La familia de Oleg vuelve por Año Nuevo

Una discusión que empieza con una cucharita

—Otra vez tu familia va a caer aquí en Año Nuevo. No lo voy a soportar por segunda vez.

—Si vuelven a aparecer, yo no podré con esto —dijo Marina, apretando la cuchara con más fuerza.

—Es familia, Marín. La paciencia es una virtud —sonrió Oleg, sin apartar la vista del teléfono.

—La virtud ya la gasté el Año Nuevo pasado. Este año me elijo a mí.

La cocina estaba caliente, aunque la ventana seguía entreabierta para que entrara algo de aire. Marina cortaba aceitunas en silencio, intentando no mirar a Oleg, que llevaba media hora absorbido en un juego del móvil. Su hijo, Misha, recorría el suelo en un cochecito y, de vez en cuando, chocaba contra las patas de la mesa.

—Marí-in —dijo Oleg con una sonrisa distraída—. Mamá dijo que este año vienen otra vez a casa. Por cierto, ¿compraste mayonesa?

Marina se quedó inmóvil, con el cuchillo en la mano. La rabia y el cansancio se le mezclaron en el pecho.

—¿Otra vez? —preguntó, girándose hacia él—. ¿Es que no pueden celebrar en su casa? ¿Hay poco espacio? ¿O ahora yo también soy la encargada del banquete?

Oleg levantó la vista, fingiendo sorpresa.

—No empieces. Es Año Nuevo, es la familia. Siempre ha sido así. A mamá se le hace larga la estancia en el pueblo, a los sobrinos les hace ilusión y Misha tendrá con quién jugar.

Marina soltó una risa amarga.

—¿Jugar? ¿Ya olvidaste cómo tus sobrinos pintaron mis paredes el año pasado? ¿Y tu hermana? “Marina, no te importará si te dejo prestada tu chaqueta, total no la usas”. ¿Y tu madre? Seguro que todavía cuenta por ahí que yo no sé hacer empanadillas. No, Oleg. Ese espectáculo no lo repito.

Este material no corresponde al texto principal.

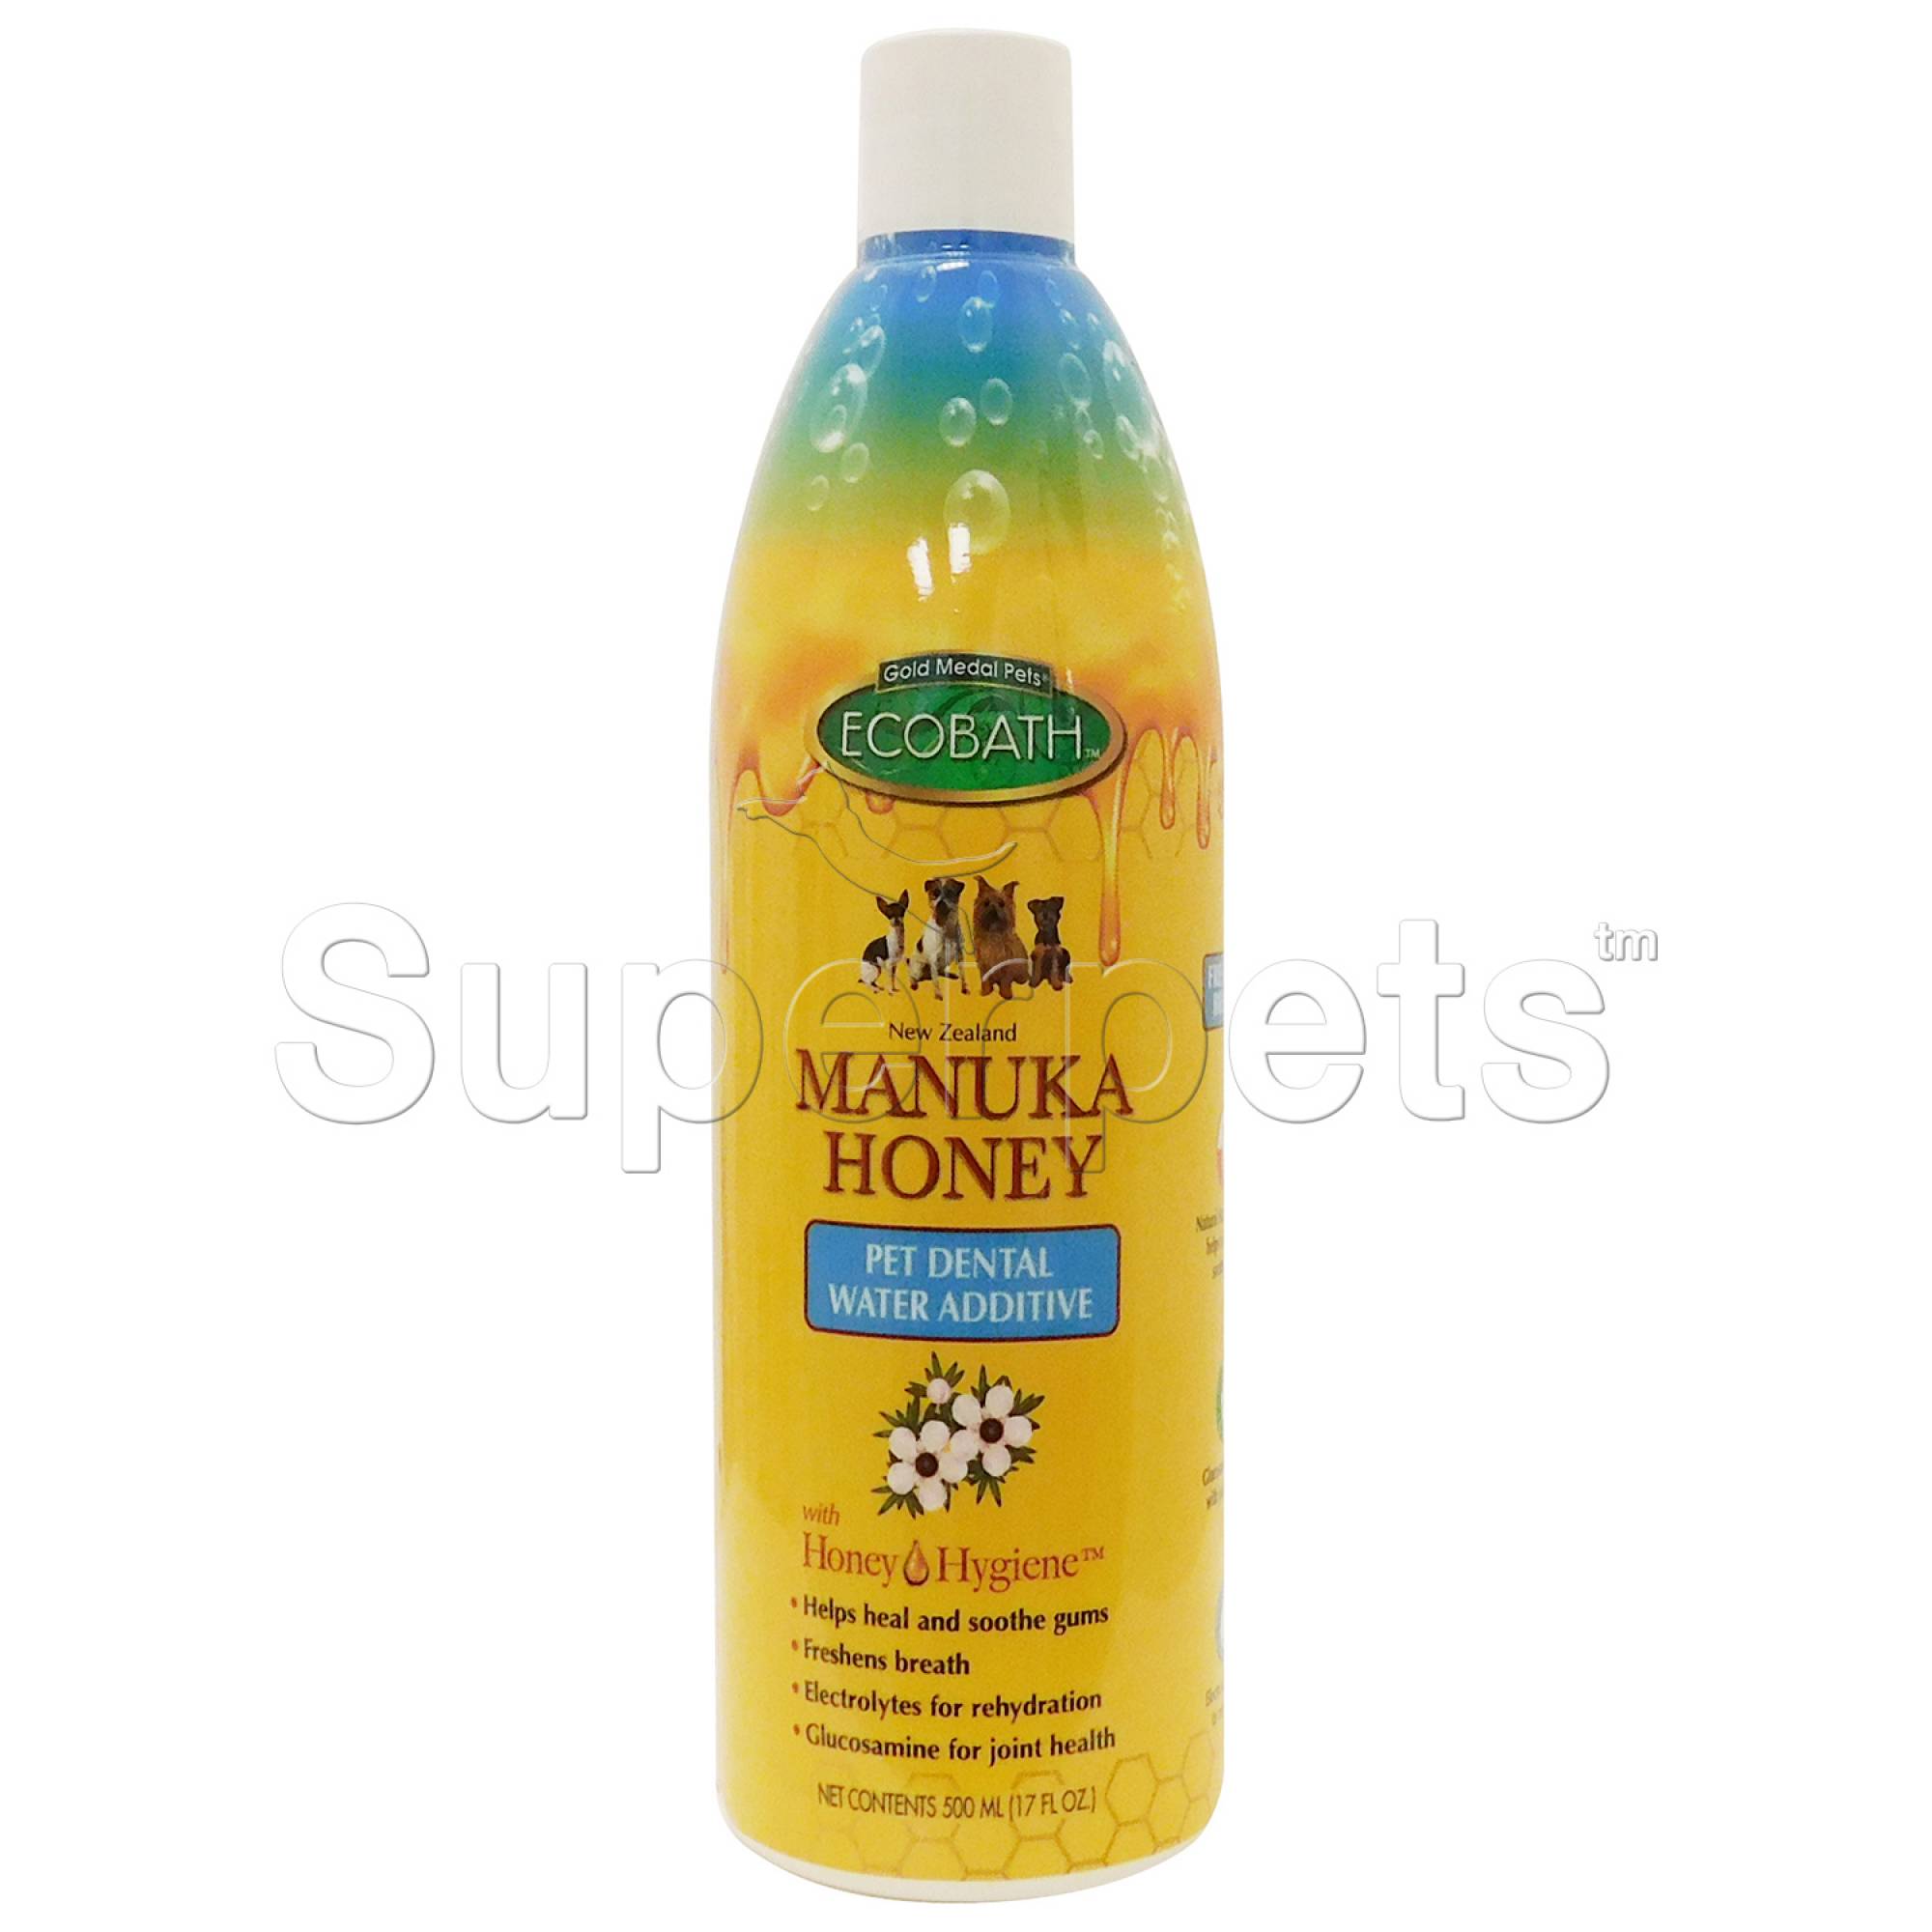 Gold Medal Pets - EcoBath Manuka Honey Pet Dental Water Additive 500ml (17oz)

Él se encogió de hombros, como si se tratara de una molestia sin importancia.

—Bah, aguanta un día o dos. Al menos no será aburrido.

Marina dejó el cuchillo en el fregadero con un movimiento seco.

—¿Y tú, además, tampoco vas a ayudar? Como siempre. Tú sentado con tu madre, tomando té, y yo corriendo para que todo salga perfecto.

Oleg volvió al teléfono.

—Qué dramática eres, Marín. Haces una tragedia de cualquier cosa.

Ella respiró hondo. Ya no quedaban ganas de discutir. Había intentado hablar con calma muchas veces, pero todo terminaba igual: él restando importancia, ella tragándose el enfado.

“Este año me elijo a mí”, pensó Marina, notando cómo le temblaban las manos.

La casa se llena de invitados

Los primeros invitados empezaron a llegar el 30 de diciembre por la mañana. La primera fue la suegra, con una maleta enorme de la que asomaba el borde de una manta gruesa. Entró en el piso mirando todo con gesto crítico, como si en un año la vivienda debiera haber cambiado por arte de magia.

—Marina, ¿por qué huele así aquí? ¿Otra vez esos ambientadores? Ya te dije que con unas hojas de laurel en agua basta. Así el aire queda más natural.

Marina apretó la mandíbula y no respondió. La suegra dejó la maleta en medio del salón, inspeccionó el lugar y anunció con naturalidad:

—El sofá es mío, ¿verdad? Oleg, hijo, ayúdame a extender la manta.

Oleg, apoyado en el teléfono, apenas levantó la cabeza.

—Ahora voy, mamá. Tengo una partida importante.

Marina suspiró y, sin esperar ayuda, arrastró ella sola la maleta hasta el sofá.

—Perfecto —dijo la suegra, aplaudiendo levemente—. Eso sí, la manta deberías sacudirla en el balcón, que del viaje viene un poco cerrada.

Marina se mordió la lengua. Sabía que aquello era solo el comienzo.

  • Unos llegaban con consejos.
  • Otros con exigencias.
  • Y ella, una vez más, intentaba sostenerlo todo.

Mientras la casa empezaba a llenarse de voces, maletas y opiniones, Marina entendió que este Año Nuevo tendría que marcar un límite. Porque a veces celebrar en familia también significa aprender a no desaparecer dentro de ella. Y esa decisión, por fin, ya estaba tomada.